A county working group told council members they are using a commercial monitoring service to identify short-term rental listings; the vendor has flagged 501 confirmed listings that lack county licenses and staff plan phased outreach and enforcement letters to bring units into compliance.

County staff briefed the Summit County Council on a two-year working-group effort to identify and bring unlicensed short-term nightly rentals into compliance. The county has contracted Azure (software/service) to cross-check online listings against county parcel and business-license records. Scott Buchanan, a code-enforcement officer assigned to nightly-rental work, said the software has already "identified 501 properties" that appear to be operating without a county nightly-rental license and that staff will start a phased outreach and enforcement process.

Staff described the planned compliance steps: an initial courtesy letter explaining licensing requirements and how to comply; a second follow-up warning letter; and a third certified notice of violation if license applications are not submitted. Buchanan said Azura recommends an initial small batch rollout—25 letters—to test intake capacity at the clerk's office and partner inspection agencies; staff said the county must stage communications so that the clerk's licensing and Park City Fire District inspections can absorb the application volume.

County clerk staff and the county attorney's office are part of the working group. Prosecutors and code attorneys will receive cases that do not respond to outreach; Buchanan said, for most complaints received to date, staff have resolved matters by outreach and application, and only a small number required formal enforcement so far. The clerk's office currently lists about 1,289 active nightly-rental licenses; Azure's dataset shows roughly 1,967 confirmed unique listings once duplicate platform postings are distilled. Azure has also identified listings in an "investigating" state and others that appear inactive.

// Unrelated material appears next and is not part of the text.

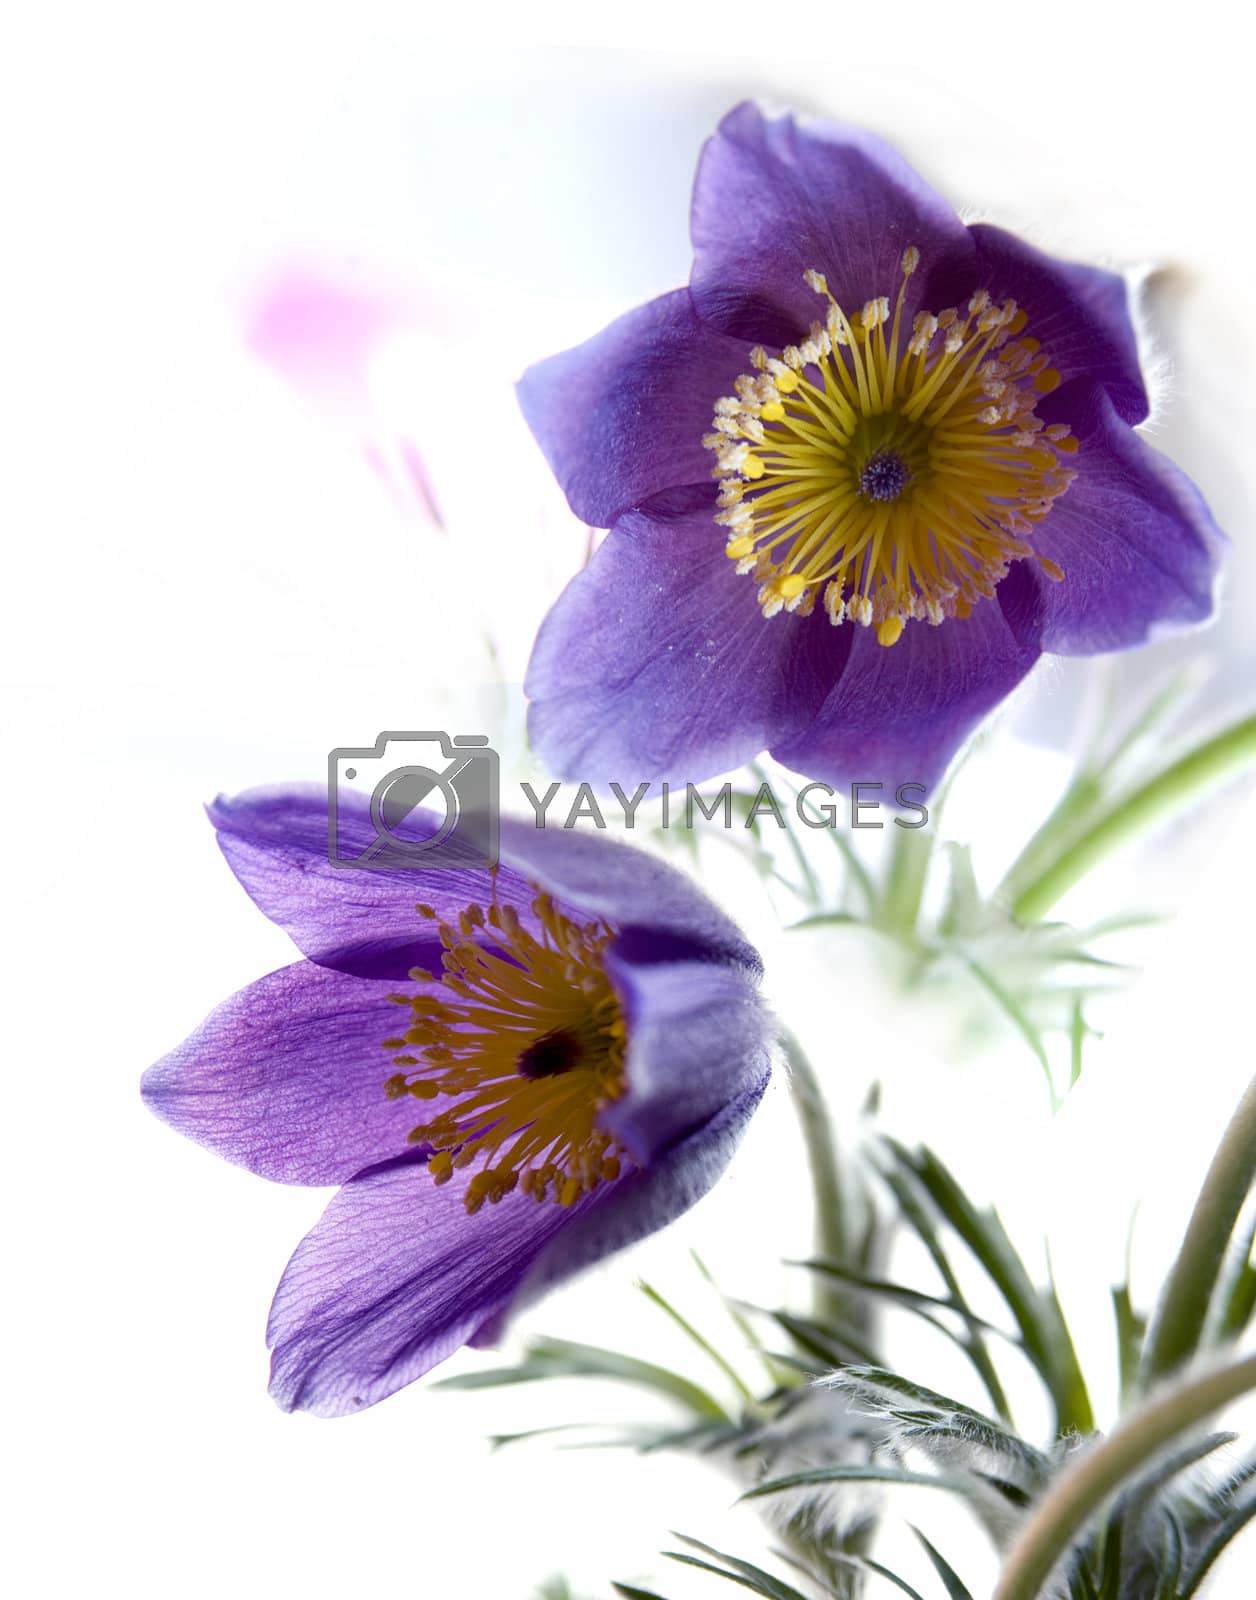 Royalty free image of pasque-flower close-up by efka

Why it matters: an accurate inventory of unlicensed rentals and a staged enforcement plan affect collection of license fees, transient-room tax compliance, public-safety inspections and neighborhood livability. Staff said the program aims to be data-driven and to bring units into compliance first, rather than immediately pursue punitive actions.

What's next: staff plan to mail the first 25 compliance letters, monitor intake and enforcement capacity, stand up an Azure-supported call center for complaints and support, and reconvene the working group after winter-season data are collected to recommend any statutory or code changes.